Supreme Court of Mississippi, Division B
Oct 14, 1935
163 So. 454 (Miss. 1935)

Opinion

No. 31812.

October 14, 1935.

1. TRIAL.

In determining whether directed verdict should be granted, evidence must be taken most strongly in favor of party against whom it is asked, and every material fact which there is substantial evidence to establish, either directly or by reasonable inference, should be treated as proved in his favor.

2. INSURANCE.

Insured held not entitled to recover, on ground of disability, disability premiums voluntarily paid on life policy which provided that upon proof of total and permanent disability payment of disability premiums should cease.

3. ACTION.

Where insured joined two insurance companies in action on two life policies, there was misjoinder of defendants in absence of allegation or proof that same insurance company operated under different names when policies were issued, and that one company issued both policies.

4. INSURANCE.

In action on disability clause of life policy in which insured alleged disability arising out of diabetes mellitus, admission of testimony that insured also had, as outgrowth of such diabetes, neuritis, arthritis, nephritis, and arteriosclerosis, held not error.

5. EVIDENCE.

In action by insured who suffered from diabetes mellitus to recover disability benefits under disability clause of life policy which defined disability as physical condition preventing insured from directing any gainful trade or profession, refusal to permit insurer to show on cross-examination of physician testifying for insured that insured could carry on his profession, notwithstanding his diabetes, held not error.

6. EVIDENCE.

In action to recover disability benefits under life policy, refusal to permit lay witnesses to testify concerning insured's manner and method of doing business, general appearance, and activities shortly before and after date, when insurer discontinued disability benefits, held abuse of discretion.

7. INSURANCE.

Insurer's acknowledgment that insured was totally and permanently disabled for certain period did not preclude insurer from all evidence having bearing on insured's condition thereafter.

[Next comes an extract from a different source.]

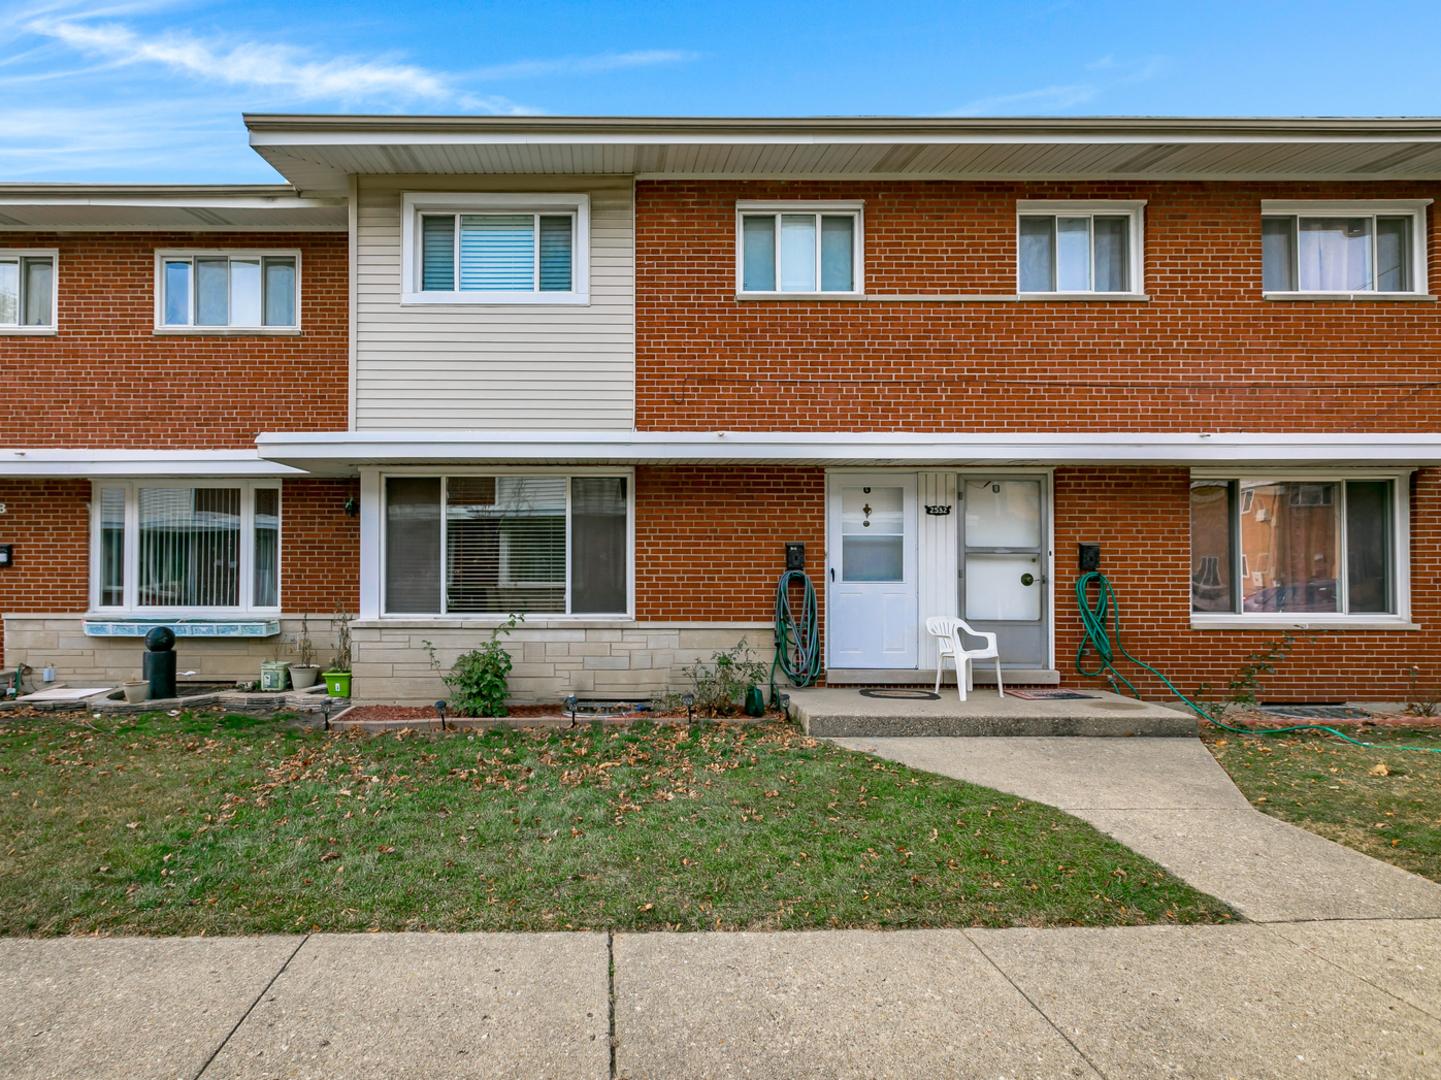 2532 W BIRCHWOOD Avenue Unit C, Chicago IL 60645

APPEAL from circuit court of Tippah county.

HON. T.H. McELROY, Judge.

Action by Willie Lee Gunn against the Columbian Mutual Life Insurance Company. From a judgment for the plaintiff, the defendant appeals. Reversed and remanded.

J. Morgan Stevens and J.M. Stevens, Jr., both of Jackson, Fred B. Smith, of Ripley, and Scott Fitzhugh, of Memphis, Tennessee, for appellant.

The court erred in granting a peremptory instruction to find for the plaintiff.

If there be any substantial reasonable testimony and conceding that testimony to be true, which sustains the case of a party litigant, a peremptory instruction should not be granted against that party.

Fore v. Union Central R.R. Co., 160 So. 903; Justice v. State, 170 Miss. 96, 154 So. 265; Jefferson Standard Life Ins. Co. v. Jeffcoats, 164 Miss. 659, 143 So. 842.

Everything must be considered as proved which the evidence established, either directly or by reasonable inference, against the party who requests a peremptory instruction.

Dean v. Brannon, 139 Miss. 312, 104 So. 173, 175; Keith v. Y. M.V.R.R. Co., 168 Miss. 519, 151 So. 916; Lee County Gin Co. v. Middlebrooks, 161 Miss. 422, 137 So. 108; Lowe v. M. O.R.R. Co., 149 Miss. 889, 116 So. 601; G. S.I.R.R. Co. v. Prine, 118 Miss. 90, 79 So. 62.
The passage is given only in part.